To run the job, run “./A_RUN”. You can monitor jobs with the command:
ps rux | grep -e "testRun"
Ones the jobs are done, you can merge the output files to “hist.root”:
hadd -f hist.root outputs/*/hist-run*.root
Lesson 6: Working on the ANL farm
This example is ANL-specific. If you ran analysis code for RUN I, you should be a familiar with it. We used Condor/Arcod system to submit jobs to the farm.
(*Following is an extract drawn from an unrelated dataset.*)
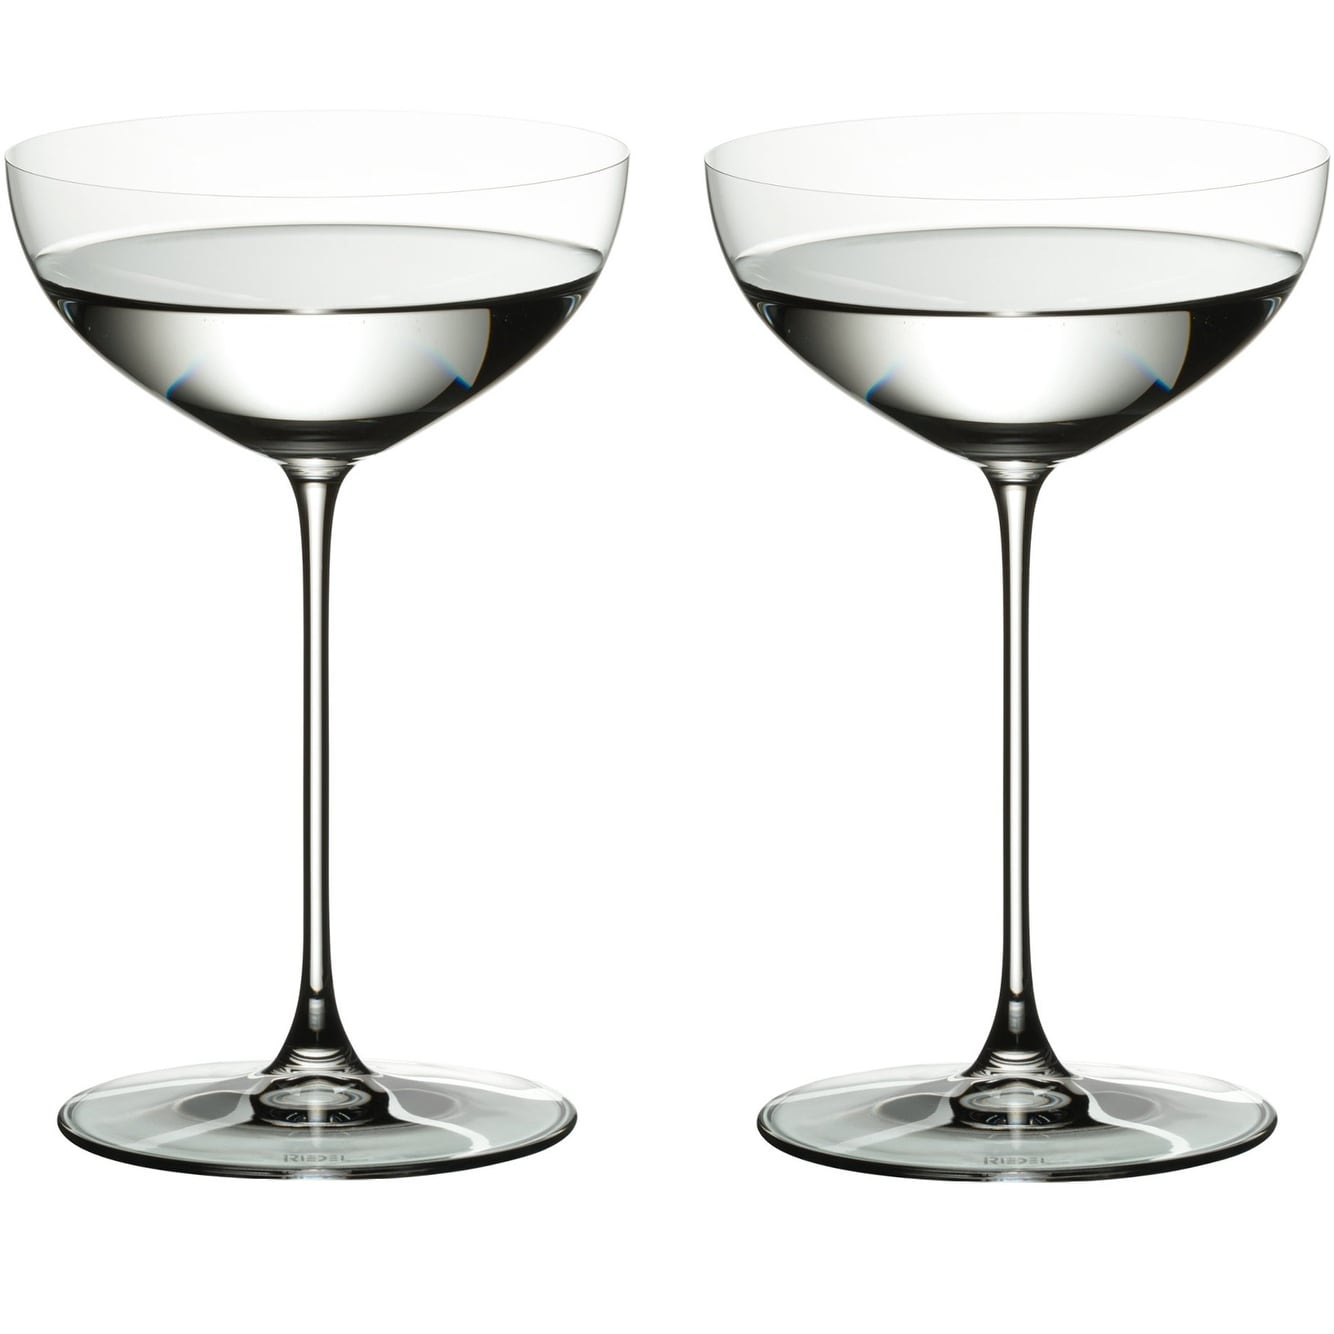 https://ak1.ostkcdn.com/images/products/is/images/direct/8445dadc84530b801d8096fd7fa0466197aa88c9/Riedel-Veritas-Moscato-Coupe-Martini-Glass-%284Pk%29-with-Pourer-and-Cloth.jpg

Data are distributed on the farm nodes to avoid IO bottleneck.
First, create a directory for this example:
Prepare a fresh directory:
mkdir lesson_6
Copy the needed directories with RootCore example:
cp -r /users/chakanau/public/2014_tutorial_october_anl/lesson_6/* lesson_6/
Then check that you can compile the analysis example using RootCore:
cd lesson_6/ source setup.sh
As usual, our analysis is in “MyAnalysis/util/testRun.cxx”
Now we want to submit jobs to the data distributed on several computers of the farm. Go to the upper directory and setup the farm:
cd ../; source s_asc;
We will send jobs using the directory “submit”. Go to this directory and check the data:
cd submit arc_ls -s /data2/valid2/117050/PowhegPythia_P2011C_ttbar.digit.AOD.e2657_s1933_s1964_r5534/ arc_ls /data2/valid2/117050/PowhegPythia_P2011C_ttbar.digit.AOD.e2657_s1933_s1964_r5534/
The first command shows the summary of distributed data (12 files per server), while the second lists all available data on each node. Now we will send the job to the farm. Change the line:
package_dir=/users/chakanau/public/2014_tutorial_october_anl/lesson_6/ANLanalysis
inside “arcond.conf” to reflect the correct path to your program. Then run “arcond” and say “y” to all questions. This sends jobs to the farm (2 jobs per server). Check the status as:
condor_q
When the jobs are done, the output files will be inside “Jobs” directory. Merge the ROOT outputs into one file as:
arc_add
This will create the final output file “Analysis_all.root”